ISSA Los Angeles

Wed, Nov 19 · 5:30 PM PST

Aligning Risk and Security to What the Business Really Wants

Hermosa Brewing Company Torrance, 1855 Del Amo Blvd, Torrance, CA, US

You must register and pay to attend: https://www.eventbrite.com/e/aligning-risk-and-security-to-what-the-business-really-wants-tickets-1764167184539

### Come and network with your friends, make new friends, and hear two great speakers. A buffet dinner will be served and drinks will be available.

Topic One: Beyond Checklists: Aligning Risk and Security to What the Business Really Wants

Security isn’t just about patching holes or passing audits, it’s about knowing where to aim your resources and when to stop. Too often, even well-funded programs stall because they’re chasing every vulnerability without a clear sense of what actually matters to the business.

This session will unpack what it really takes to align security with your organization’s risk appetite. We’ll talk about bridging the gap between security, IT, and the board, shifting from “we don’t want a breach” to defining a true north star that drives strategy, budget, and execution.

You’ll learn how to:
● Translate business risk appetite into actionable security priorities
● Recognize when “enough” risk mitigation is truly enough
● Build strategies that consider budget, IT readiness, and long-term maturity (not just frameworks)

When done right, risk alignment transforms security from a reactive cost center into a disciplined driver of resilience and growth. If you’ve ever wondered, “How do I know my security strategy is aligned, or if we even have one?” this talk is for you. Expect candid insights, real-world examples, and practical takeaways for security leaders at every stage.

Speaker One: Gus Anagnos

Gus Anagnos is the Chief Operations Officer and CISO at Cyber Defense Group (CDG), where he oversees corporate strategy, delivery operations, account management, and customer success. With over 25 years of transformative leadership experience, Gus has excelled in translating technology into business value.

Previously, Gus served as the CISO at USC, leading key security initiatives and implementing a comprehensive cybersecurity program. Gus has also held senior roles at Synack, Inc., eBay, PayPal, IndyMac Bancorp, Marsh & McLennan and General Motors Corporation, establishing transformative programs and working with Fortune 500 companies and government agencies. He has a bachelor's degree in finance and an MBA.

Topic Two: Zero Trust Cyber Security Framework (ZTCSF)

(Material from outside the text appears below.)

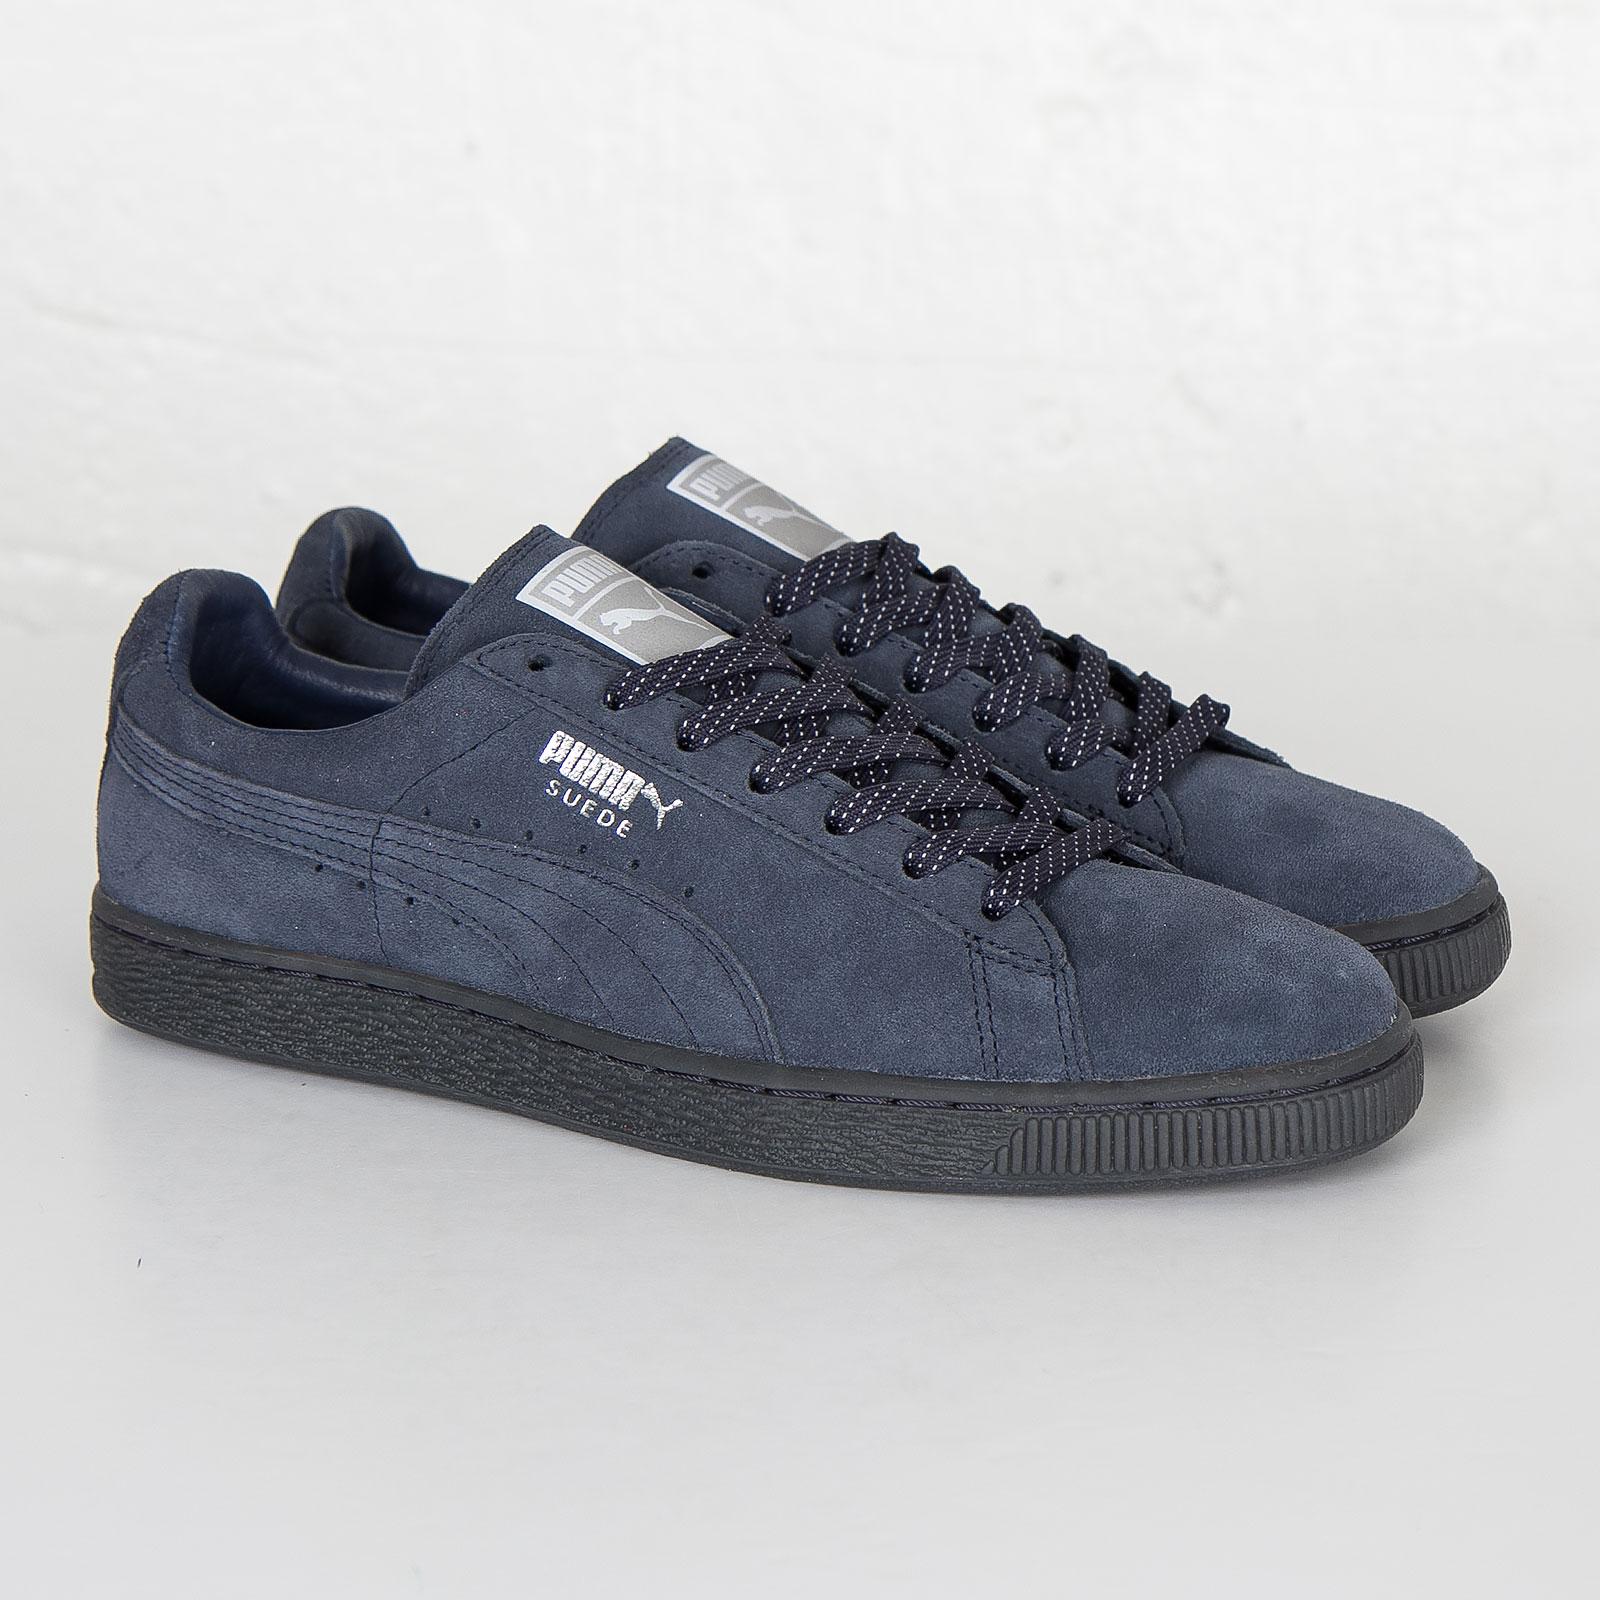 362101 Classic Sneakersnstuff Iced Mono 03 Ref Suede Puma txhdBsQrC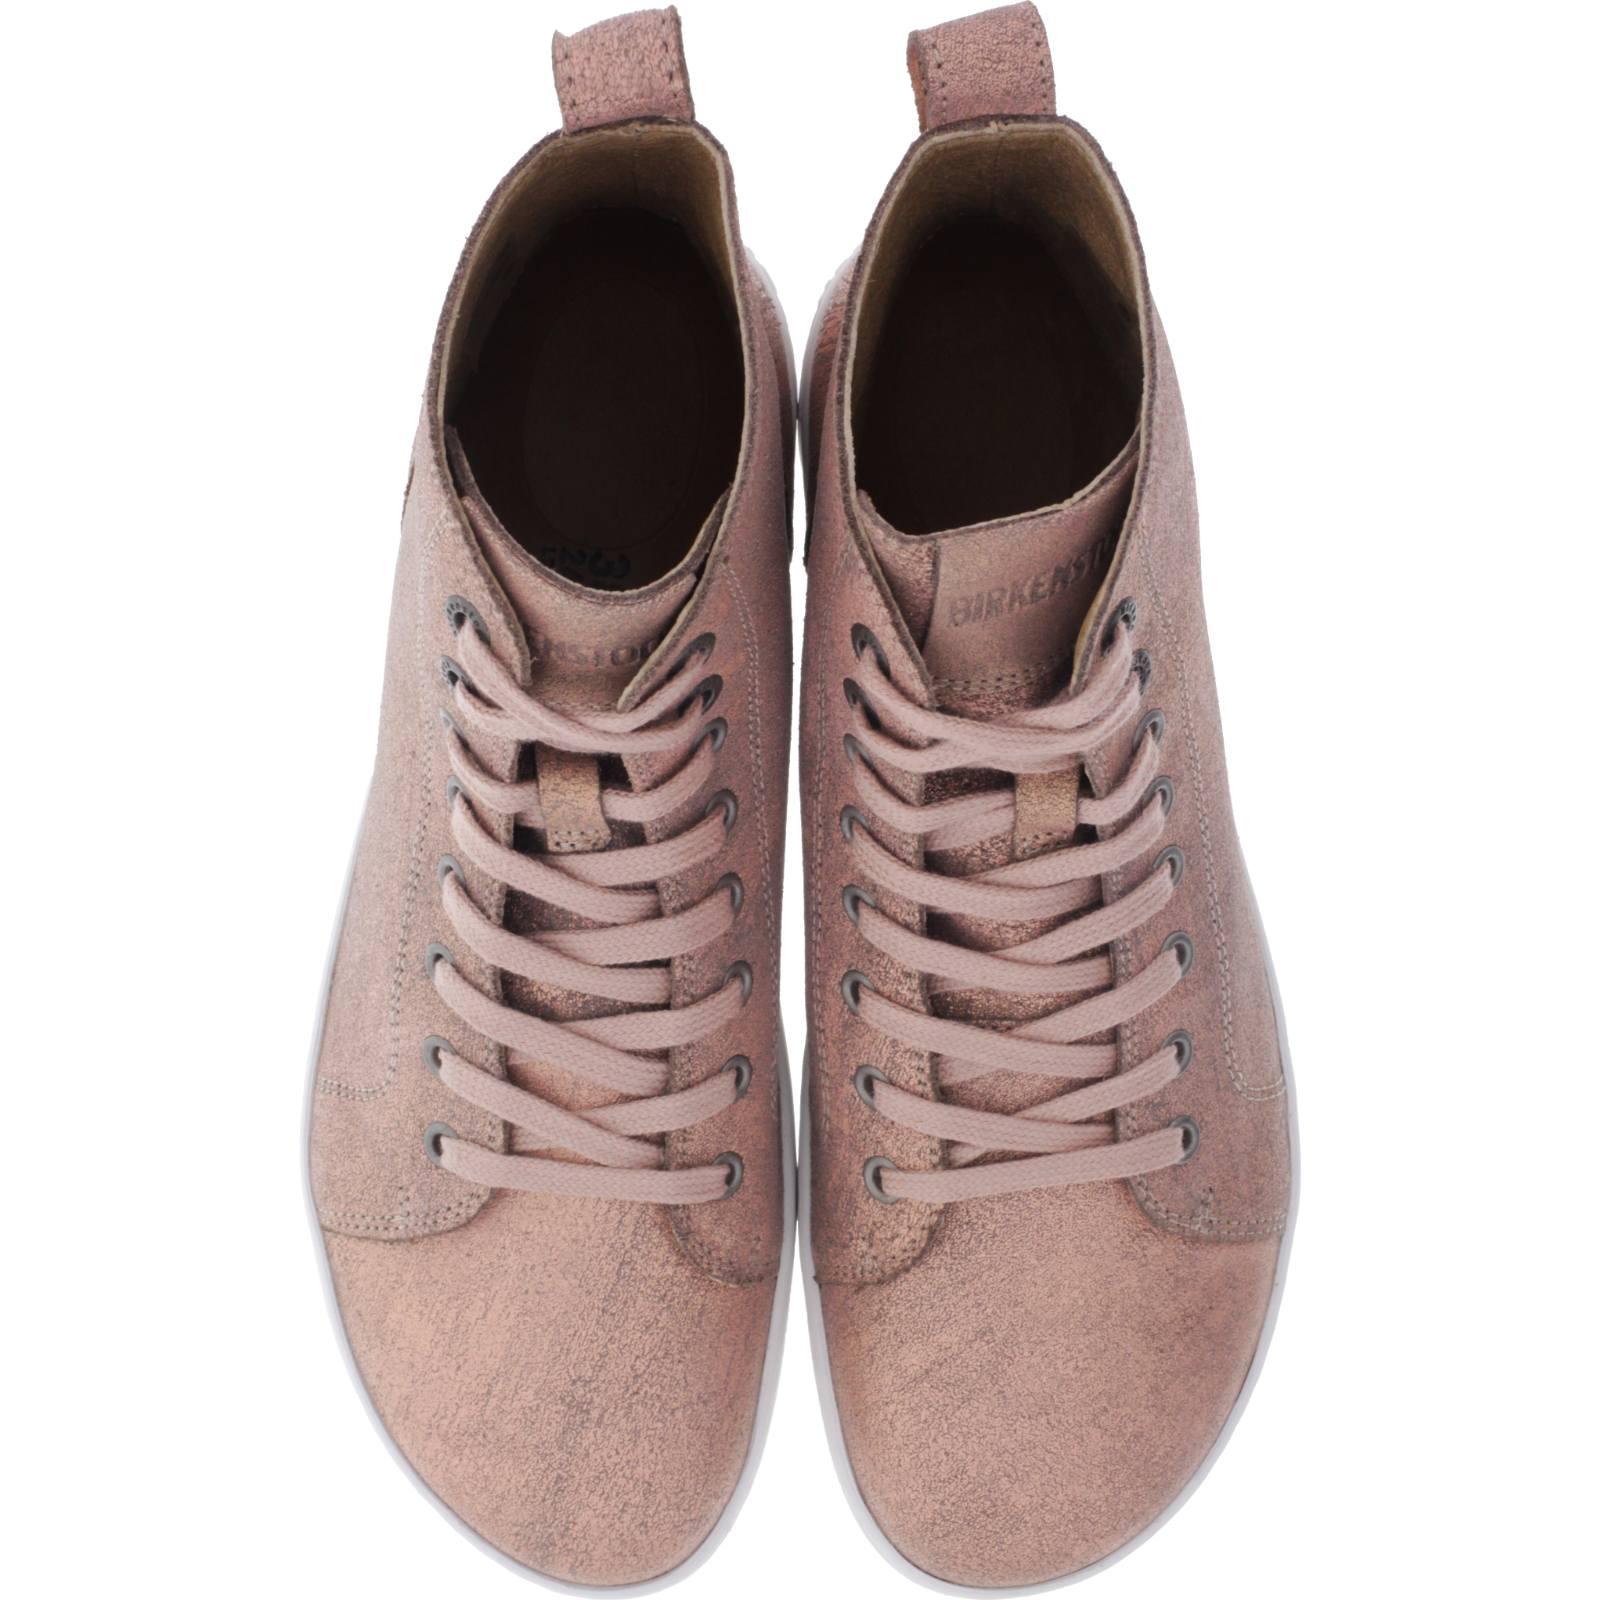 315285d8658cf9 ... Vorschau  Birkenstock Shoes   Modell  Bartlett   Metallic Rose   Leder    Weite  ...

Today’s IT infrastructure is dominated by organizations that have either fully migrated to the cloud or adopted a hybrid IT model, alongside transitioning to a hybrid work environment. The Zero Trust Cyber Security Framework represents a change in thinking from traditional perimeter-based security models to a more robust, identity-centric approach. Unlike legacy systems that assume trust within network boundaries, Zero Trust operates on the principle of “never trust, always verify.” It enforces strict access controls, continuous authentication, and granular authorization for every user, device, and application, regardless of location. This framework integrates technologies such as multi-factor authentication (MFA), micro-segmentation, and real-time threat analytics to minimize attack surfaces and prevent lateral movement within networks. By adopting Zero Trust, organizations can enhance resilience against modern cyber threats, including insider risks and advanced persistent threats (APTs), while supporting secure remote work and cloud environments.

This presentation explores the core principles, architectural components, implementation challenges, and best practices for deploying Zero Trust in enterprise ecosystems, covering all infrastructure resources that should be protected by implementing ZTCSF.

You will learn:

• All of the infrastructure endpoint protections that need to be secured and protected.
• How to start with the Zero Trust Cyber Security Framework.
• Who is responsible for Zero Trust Cyber Security Framework adoption and governance.

Speaker Two: Prabhat Nigman

Prabhat is Global CTO at Golden Five, Inc., which is a MSFT AOSG & Solution Partner, CMMC RPO, ESP, MSSP, MSP, CSP, Supplier, and Education partner.

He has 25+ years of experience architecting secure enterprise environments across Azure, Microsoft 365, and hybrid infrastructures. He has worked for all the big IT giants, where he has led Global teams. He helps design solutions for private messaging clouds, mergers, collaborations between different messaging software, and other migration & deployment projects for: Office 365, Azure, AWS, Exchange, SQL, ADFS, MFA, FIM, MIM, and others.

He is a 3-time Microsoft MVP Award winner, an active member of the FBI InfraGard, and a member of ISSA. He holds an MBA in IT.